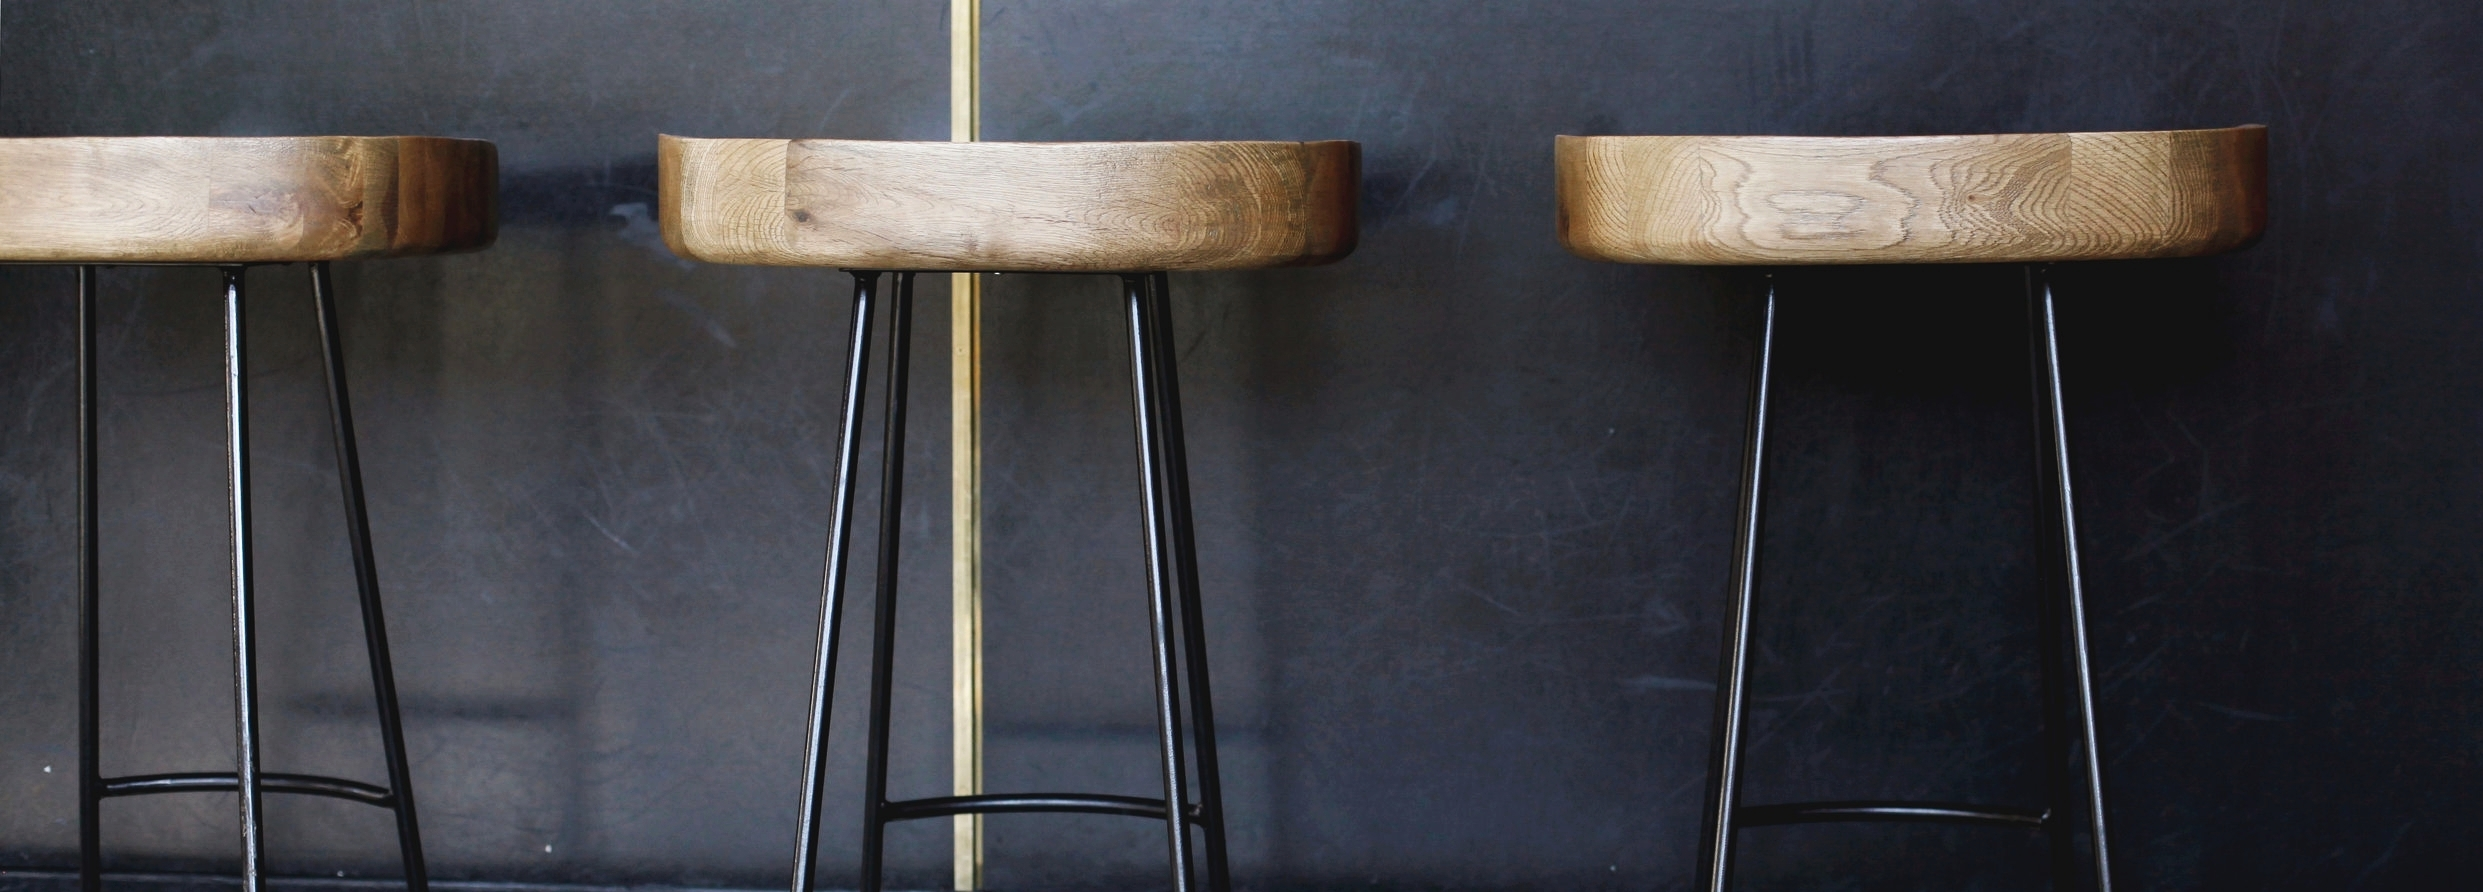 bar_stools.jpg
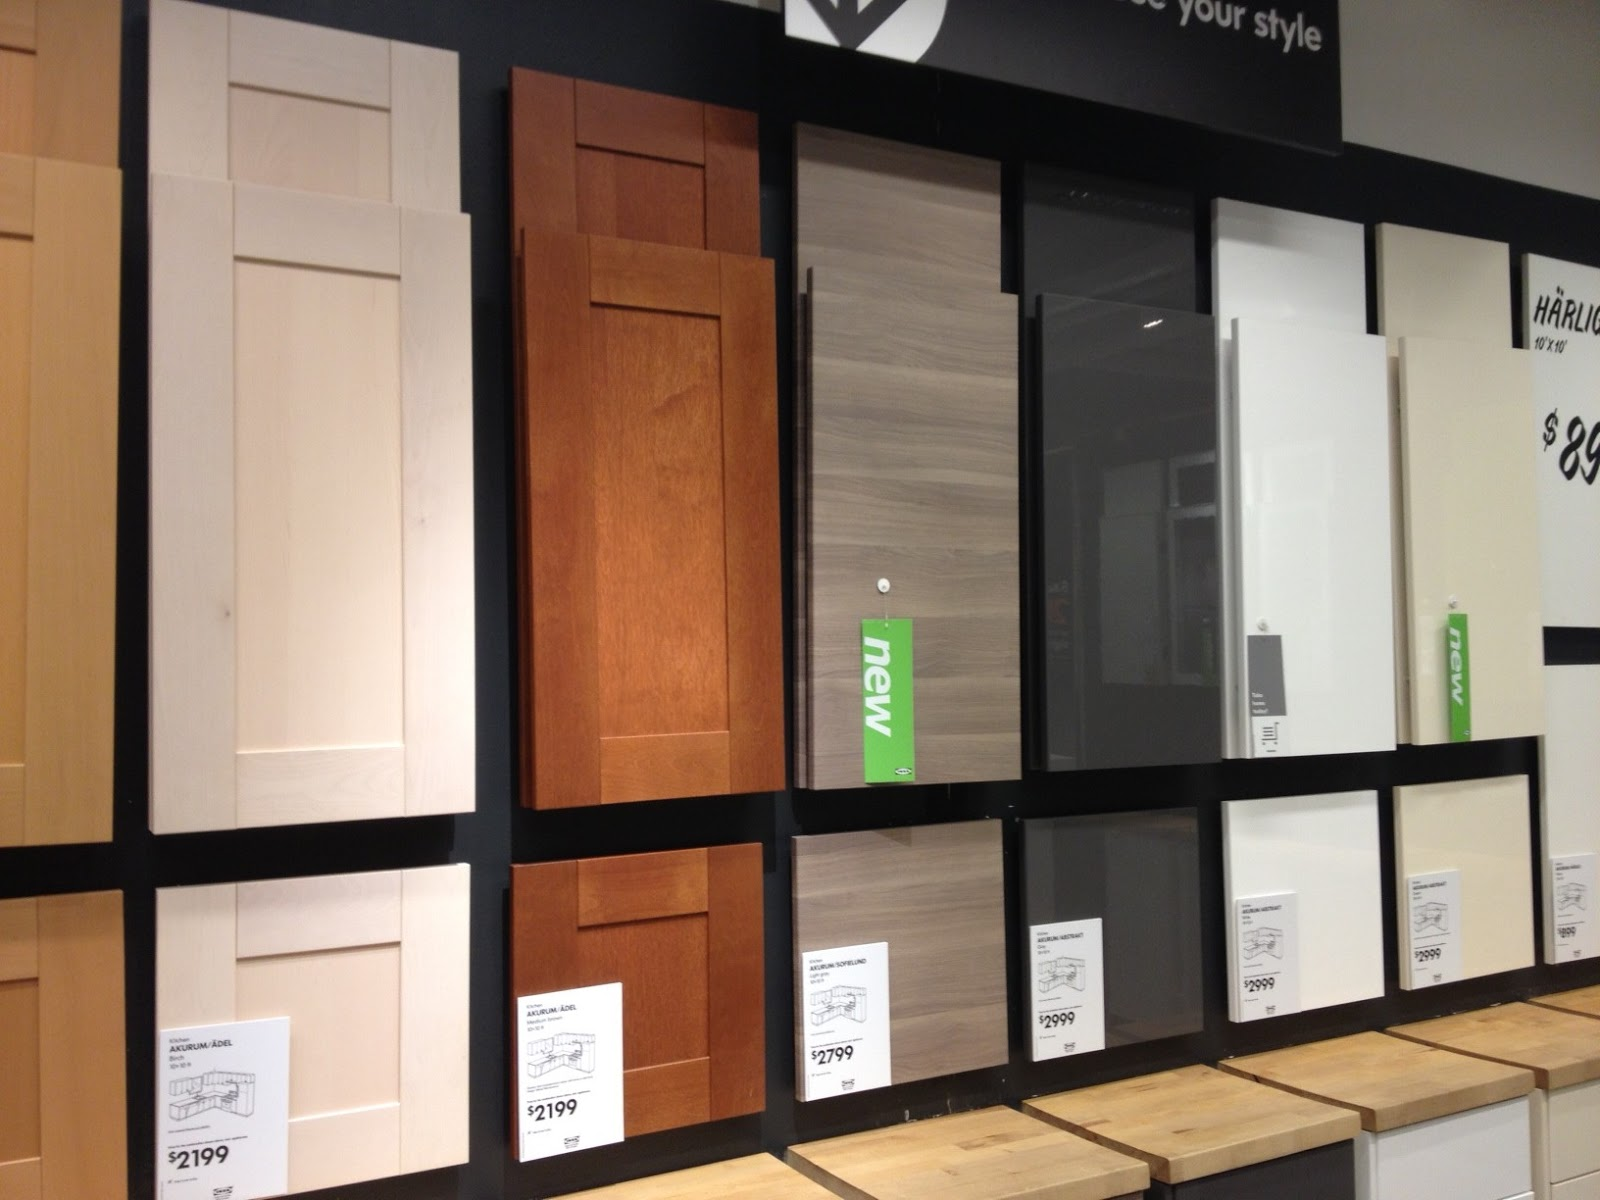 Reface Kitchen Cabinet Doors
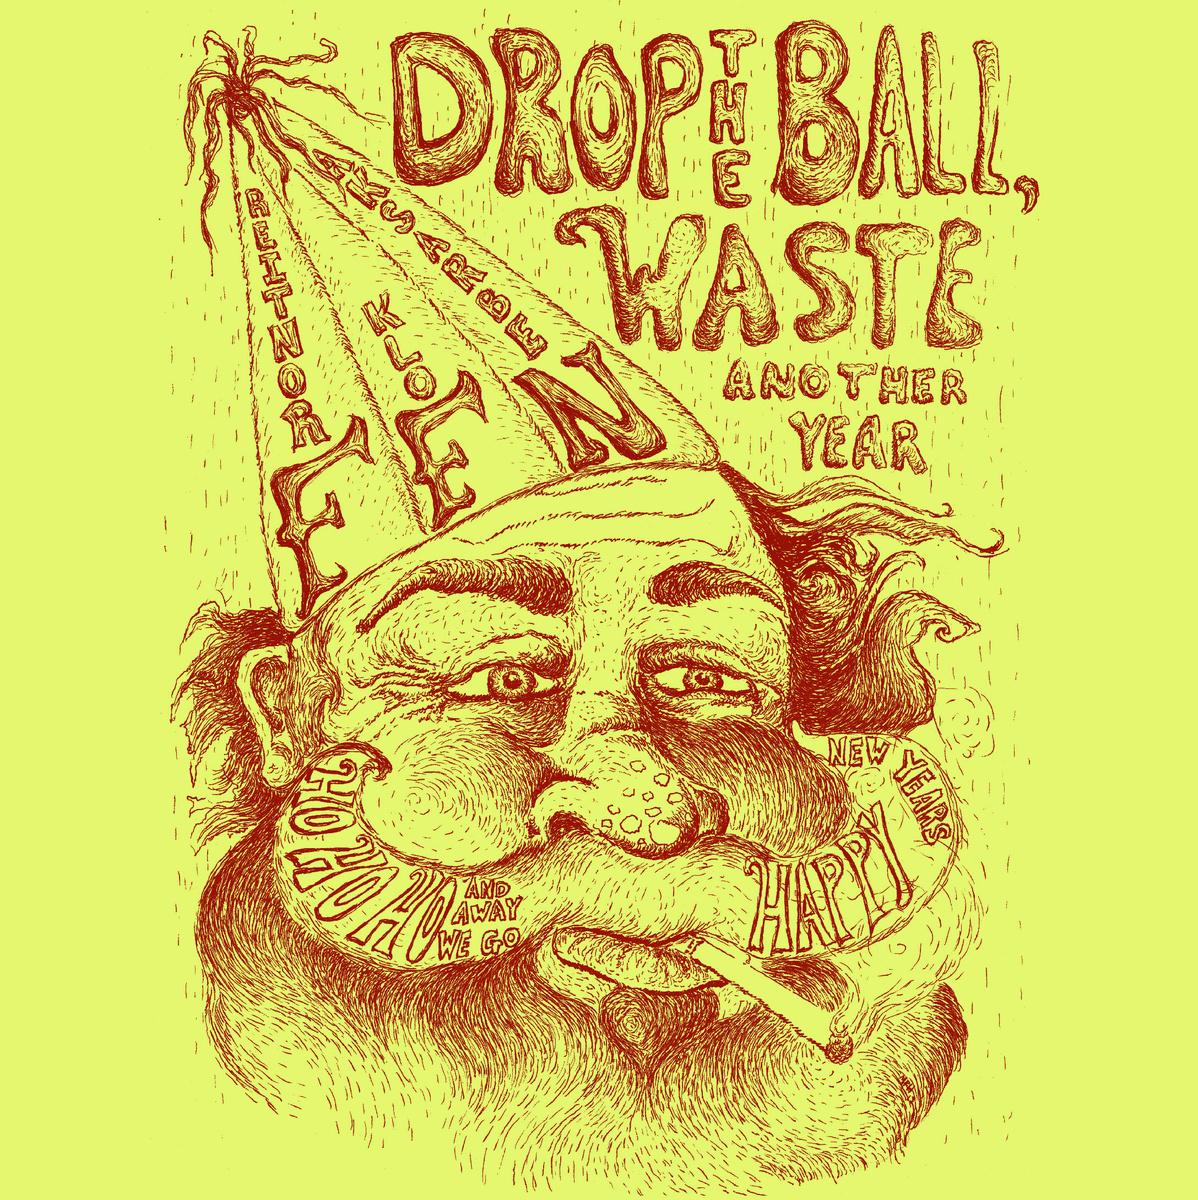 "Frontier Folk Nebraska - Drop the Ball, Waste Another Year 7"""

* [What the exercise asks]:
Could the material above be given again exactly, pictures excluded?

* [Solution below]:
 bar_stools.jpg
 Reface Kitchen Cabinet Doors
 "Frontier Folk Nebraska - Drop the Ball, Waste Another Year 7"""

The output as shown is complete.